Father O’Malley snapped to attention then and put his hand on Aiden’s shoulder.
“I’ll be responsible for his claim, Gladys. Send the bill to me,” he said. Surprise flickered across her face, but then she shrugged and handed me a clipboard with the paperwork.
Chapter 36
The next week was filled with tension and stress. A massive manhunt had been undertaken to try and find Mona, and the whole college was abuzz with gossip about the shootings. I visited Ravi in the hospital, and Aiden and I went to the funeral for the security guard, which was heart wrenching. I tried to put everything out of my mind so I could focus on my finals, but between school, answering the same questions over and over at the police station, nailing down the final arrangements for the wedding and dealing with Aiden’s sullen mood, I was at my breaking point.
He’d been testy and irritable all week and I’d tried to give him his space, but my patience was running thin. I wasn’t in the best of places myself, feeling pulled in a thousand different directions, so it didn’t take long before one of us snapp
ed and brought things to a head. We were at his place, packing for the airport, and I asked him for the umpteenth time if he’d remembered his passport.
“For God’s sake, I already told ye! Leave off, Lindsey!” he barked and I reared back. The pressure of the last week finally got to me, and I was ready and willing to fight.
“Well, excuse me! I’m a little distracted. What the hell is wrong with you anyway? You’ve been sulking around for the last week and I’ve had just about enough of it! You were excited about the wedding when I first told you, but lately you’ve been acting like you don’t give a damn.” My words were like a spark to his fuse and he exploded in a roar.

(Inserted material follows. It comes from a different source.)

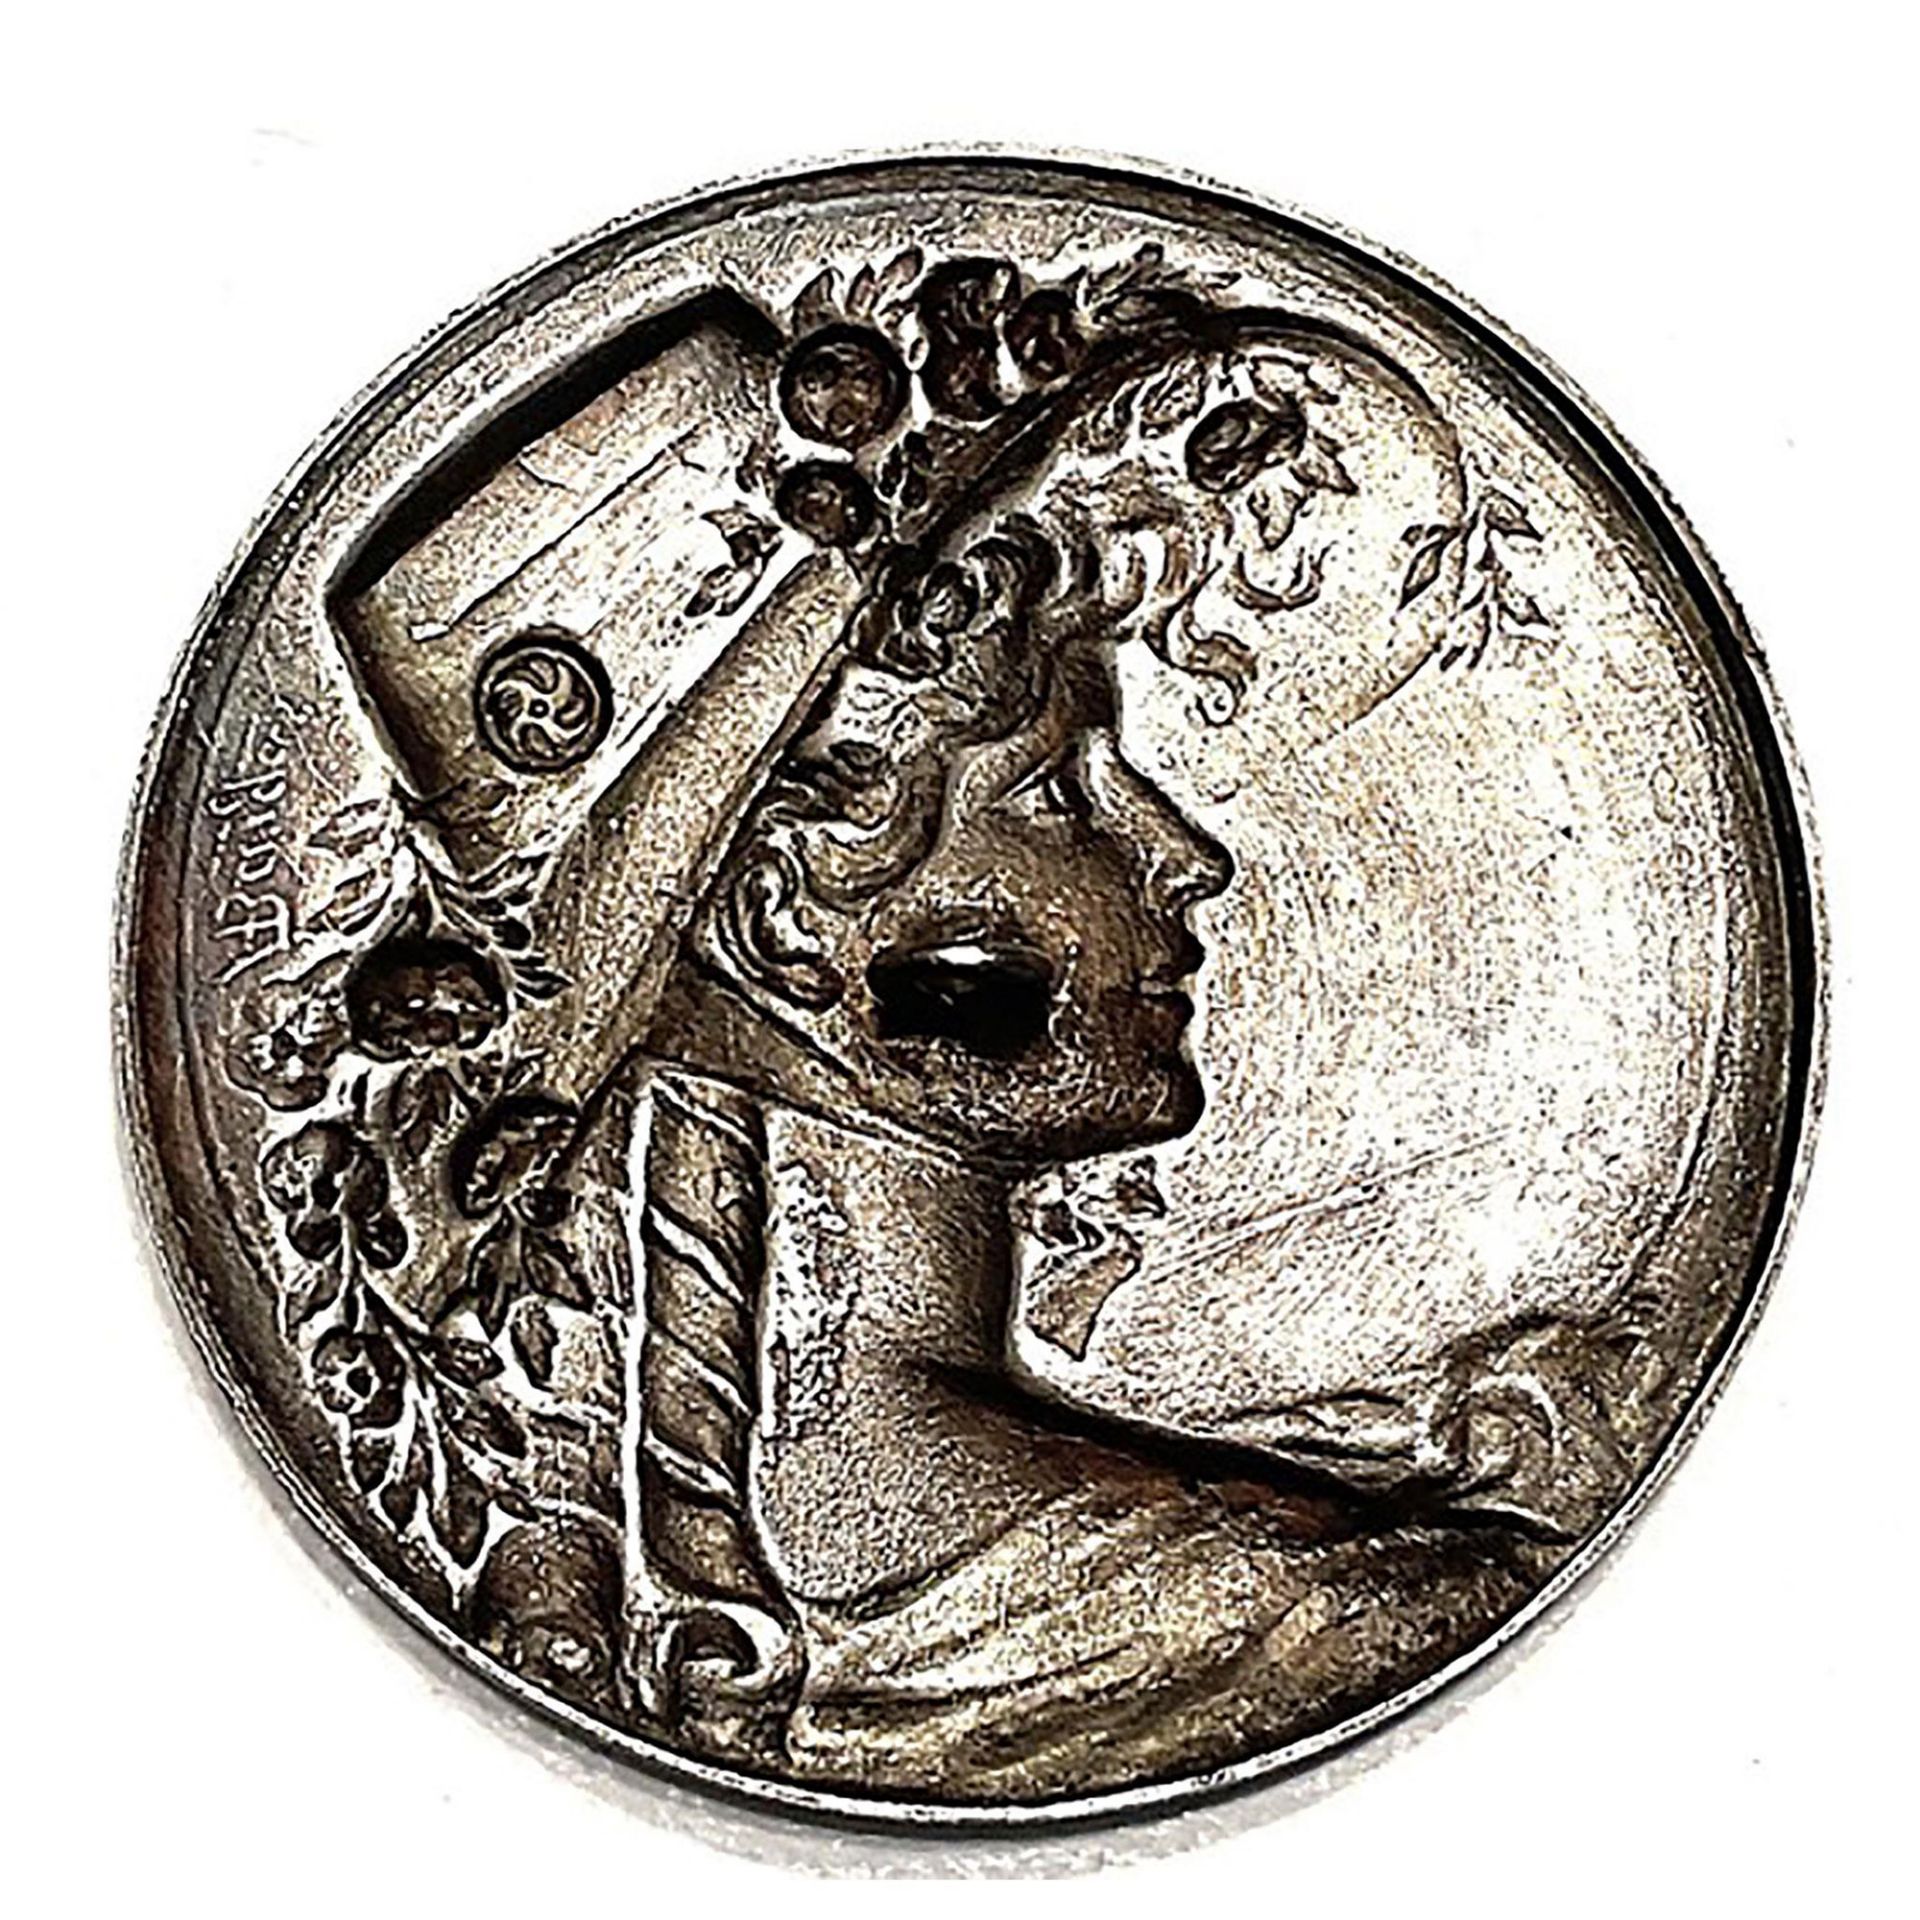 A division one relief Art Nouveau Lady button - Image 3 of 3

“I don’t see what difference it makes! I’m not even sure we should get married, for what kind of husband would I be when I can’t even protect ye? That wicked she-devil put a gun to your head, Lindsey and I just stood there and let ye tie me up. I should’ve known she was controlling your mind and mine along with it! I should have killed her myself but you had to do it for me!” He threw down the clothes he’d been packing and stormed out the door. I followed him out into the freezing cold, my cheeks on fire with anger and some kind of sick satisfaction about finally having it out with him.
“Is it my turn now? Are you done with this little pity party?” He glared at me. “You had no choice, Aiden. She would have killed me and you know it. God knows I’ve gone over it a thousand times and I can’t think of anything we could have done differently. You did what you had to do and I am sorry that your pride is hurt, but I won’t let her come between us anymore. Who cares if I killed her or you did? We’re alive and we’re together, and that’s all that matters.”
For now.
The unwelcome thought skittered through my mind as I remembered Mona’s declaration that Aiden was destined for hell because of me. Guilt and remorse pressed down on me with a leaden fist and I turned away from him, suddenly unable to look him in the eye. He must have seen the tremor run through my body because he took me by the shoulders and gently turned me to face him. His voice was suddenly soft and close, all the fight gone out of him.